Not sure exactly where to start…I’ll try and keep it short but it’s tough to explain everything in a few short paragraphs. As the title suggests I am in a sexless relationship and it has been this way for 8 months and we have been together for a year and a half (to me we should still be like newlyweds). By no means did we start out this way, the first six months of the relationship we had sex multiple times a day and any chance we got. I have a very high libido and she was wearing me out! 

At about the six month mark, her libido began to decline. We didn’t have as much opportunity as we use to and hardly any alone time because we both have children from previous marriages. She has her daughter full time, I have my daughter part time. When we first started dating she was able to go out with me or stay at my house whenever she wanted, she had her mom living with her at the time but she returned to Europe, hence no more built in babysitter for her. I was understanding and she was an amazing girlfriend so I was not bothered too much. We decided to move in together and leading up to the move we had only had sex a few times in the entire month. I didn’t know the reasoning, going from multiple time a week down to that in a matter of a few months was confusing to me. I talked to her about it, she said she is just stressed about the move and things will get better once we move. Things got worse and within a few months we were not having sex at all.
Now I will point out that the rest of the relationship is great, which is why I am still around, she tells me she loves me, initiates contact …holding hands cuddling, spooning etc. She is not cheating for those of you who are wondering, both of our previous marriages ended because the other spouse had an affair. She is old fashioned when it comes to relationships and so am I, and neither one of us would ever cheat. Plus I know the signs all too well, even did a little checking and have found nothing so I know nothing is going on.
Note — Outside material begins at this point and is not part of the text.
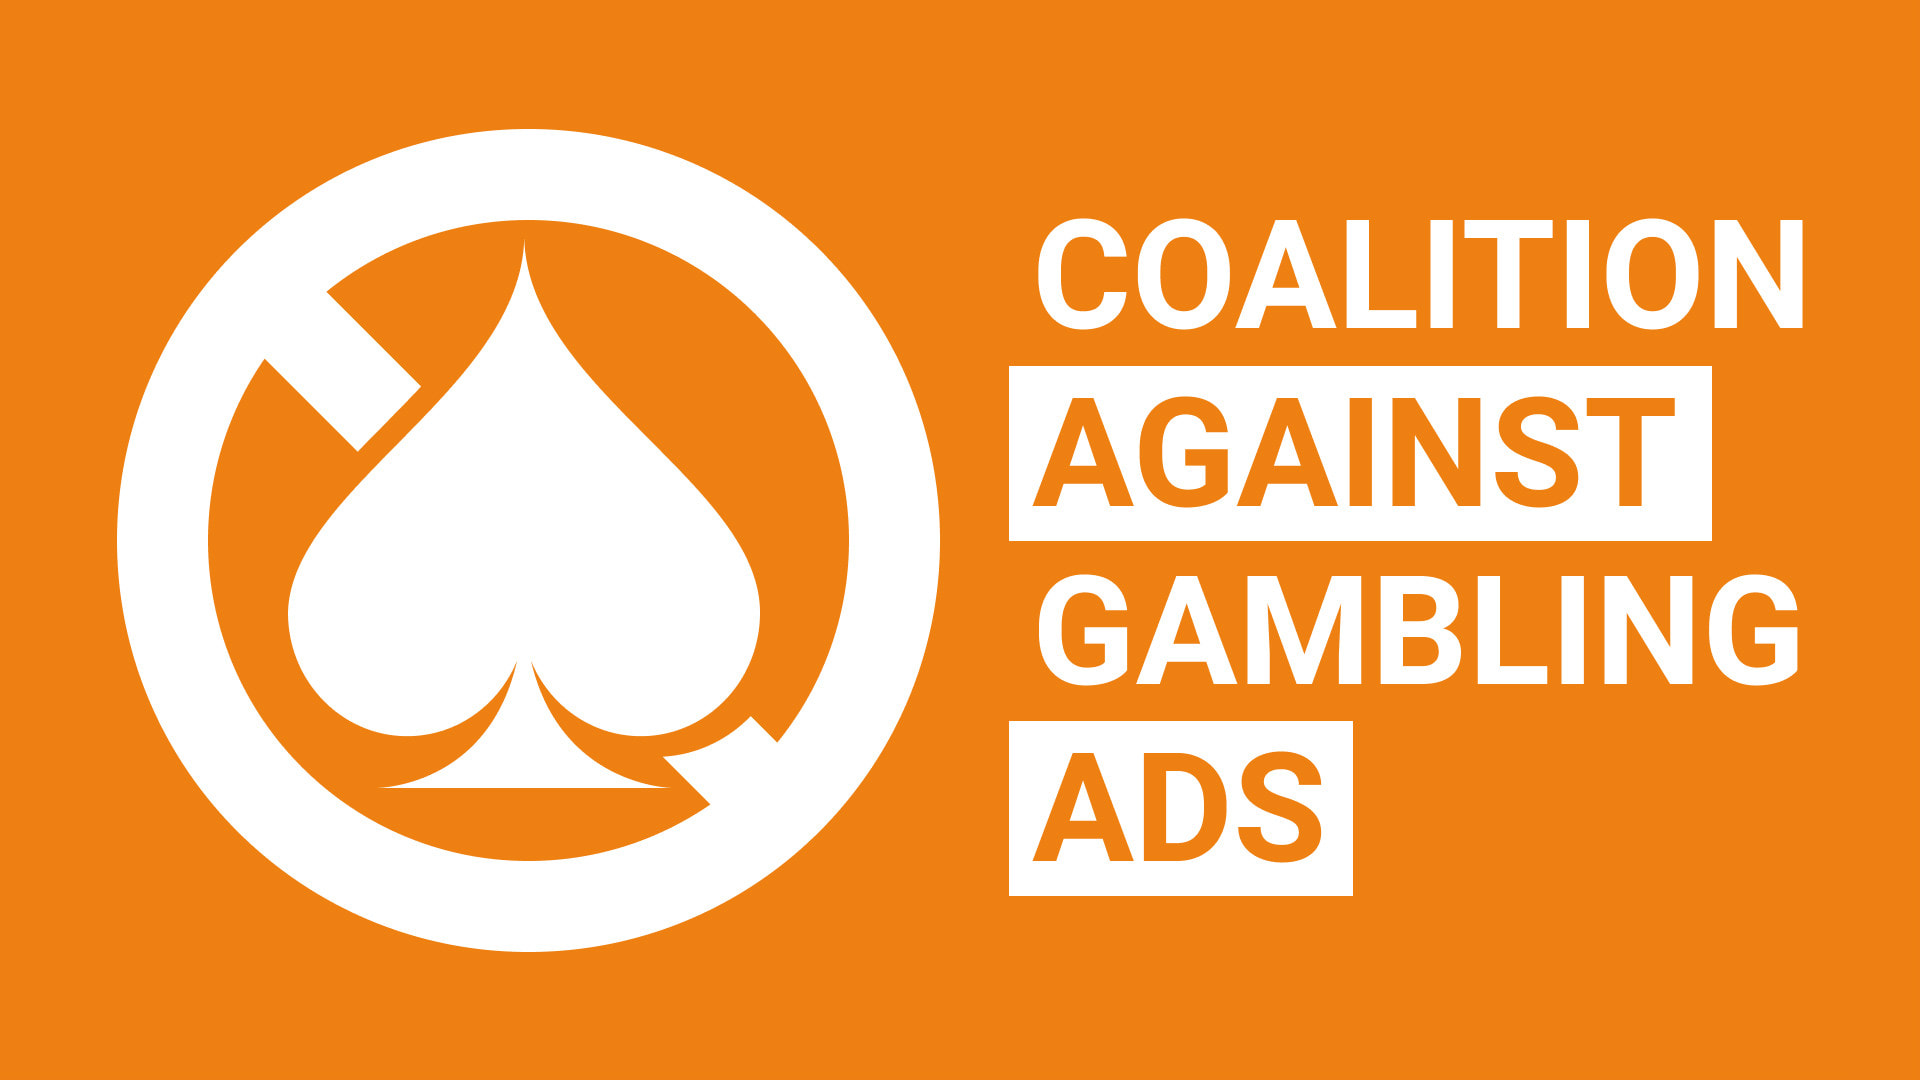 Coalition Against Gambling Ads

Now we have discussed her lack of libido so many times I have lost count. I explained to her how it makes me feel when she continuously tells me no, I’m too tired etc. No I admit there have been a number of time I have lost my cool and have blown up on her because of this, which I know makes her withdraw more. During some discussions she would tell me I am pressuring her, being pushy etc. Then I would back off waiting for her to do something so I don’t ”pressure” her, then it’s the same thing I get upset about the lack of effort and its my fault Done date night thing, send flowers regularly, little thoughtful gifts when unexpected…so its not for a lack of me not trying or not maintaining the relationship. She use to tell me how hot I am and how sexy I was, sent sexts but I cannot remember the last time that has happened.
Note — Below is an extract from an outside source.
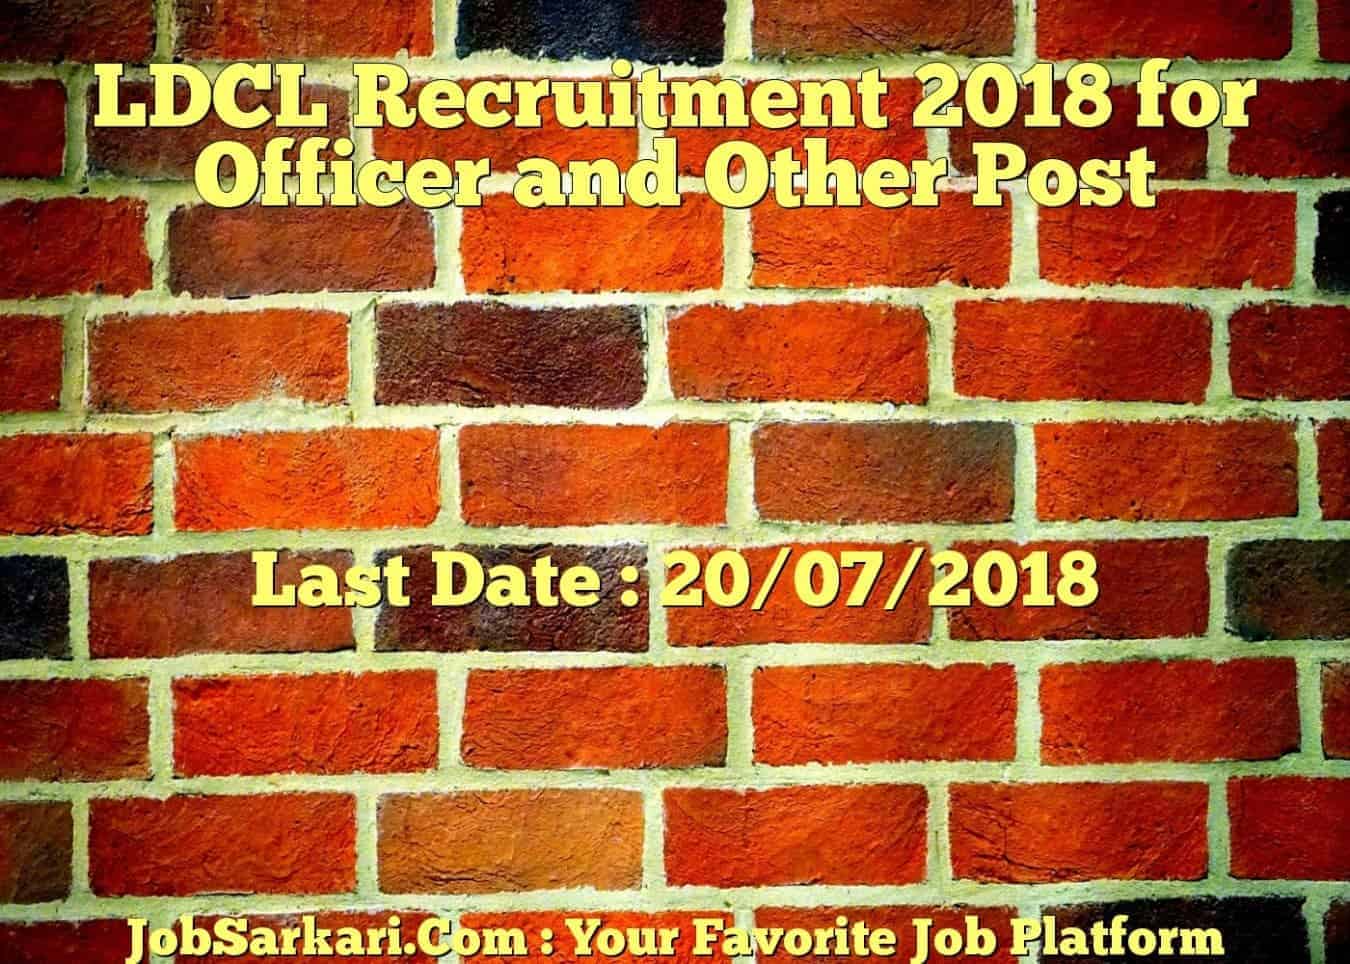 LDCL Recruitment 2018 for Officer and Other Post

We both just got promoted and coincidentally the promotions require us to move to the same city, so we agreed to make the move. The move is done but I have to finish up work here while she is in the new city. So right now we are in a short term long distance relationship. I thought some distance might help but it has not. She does miss me but acts as though she doesn’t when I am away. When I am there, she is loving and gets upset when I have to fly back and tells me she loves me multiple times, but of course no sex. The next day after I leave she is back to being distant and I hardly hear from her, conversations are about 5 min long and it revolves around her because I am asking how her day was, she never asks me how my day was (that another issue but not that big of a deal). She could be tired, it’s a new job, no big deal whatever but would be nice if she asks. 
I then bring up why she is being distant, she then says “stop being a baby” has told me before stop being so needy . . . I admit I can be at times and after reading through some posts I concluded that I need to man up. I ordered the book, no more mr nice guy, hoping that will give me some insight because some of the first few pages described me to a T.
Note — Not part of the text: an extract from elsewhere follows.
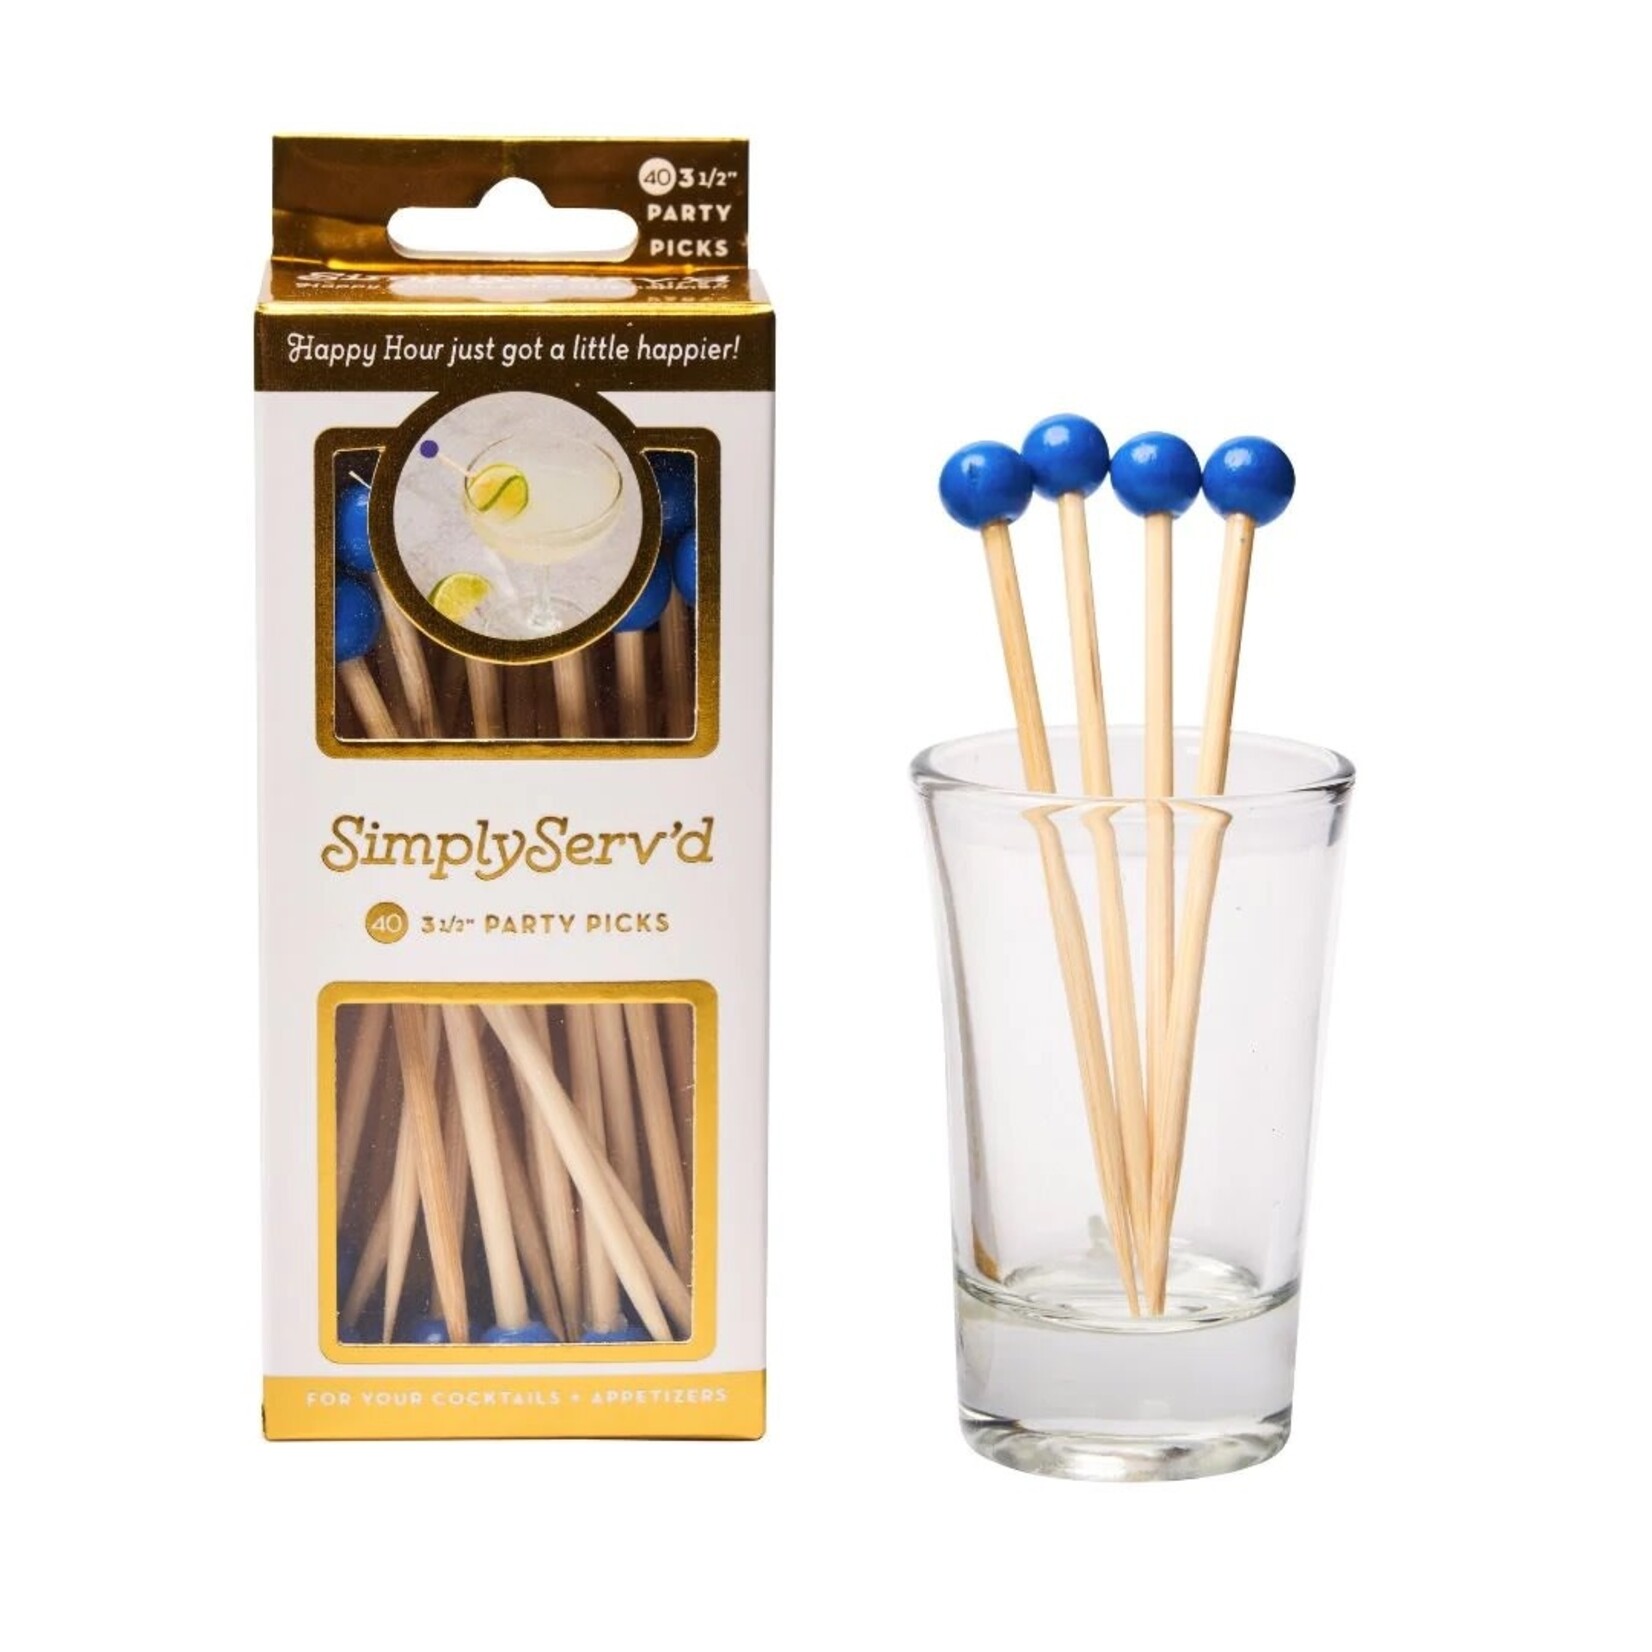 Sophistiplate/Simply Baked Party Pick Small Cobalt Blue/40pkg

My question is how do I act now? Phone conversations are dull, she calls me most of the time but she just sits on the phone saying nothing and I find myself saying useless stuff just to have a conversation. I have listened to a few of Mort Fertels CD’s but they seem to be the opposite of the hot/cold temperature thing. Some things are good, like not talking about issues and doing a cease fire to build trust. Both him and the hot/cold thing AND Man up thing make sense. So I am confused and need some insight.
Thanks in advance!


----------



## michzz (Jun 6, 2008)

You're not married but it sounds like she was bagging a meal ticket.
_Posted via Mobile Device_


----------



## SearchingForME (Oct 1, 2011)

No meal ticket, we are both successful in our careers. Looking for advice as to how to handle the situation, there are so many resources and views from "experts".


----------



## Bigrascal (Aug 12, 2011)

Are you seeking validation from her? I don't know your situation, but it seems like you have invested an awful lot into a relationship that still is pretty new. You also moved in together really quick. Why? (that's more of a rhetorical question btw). 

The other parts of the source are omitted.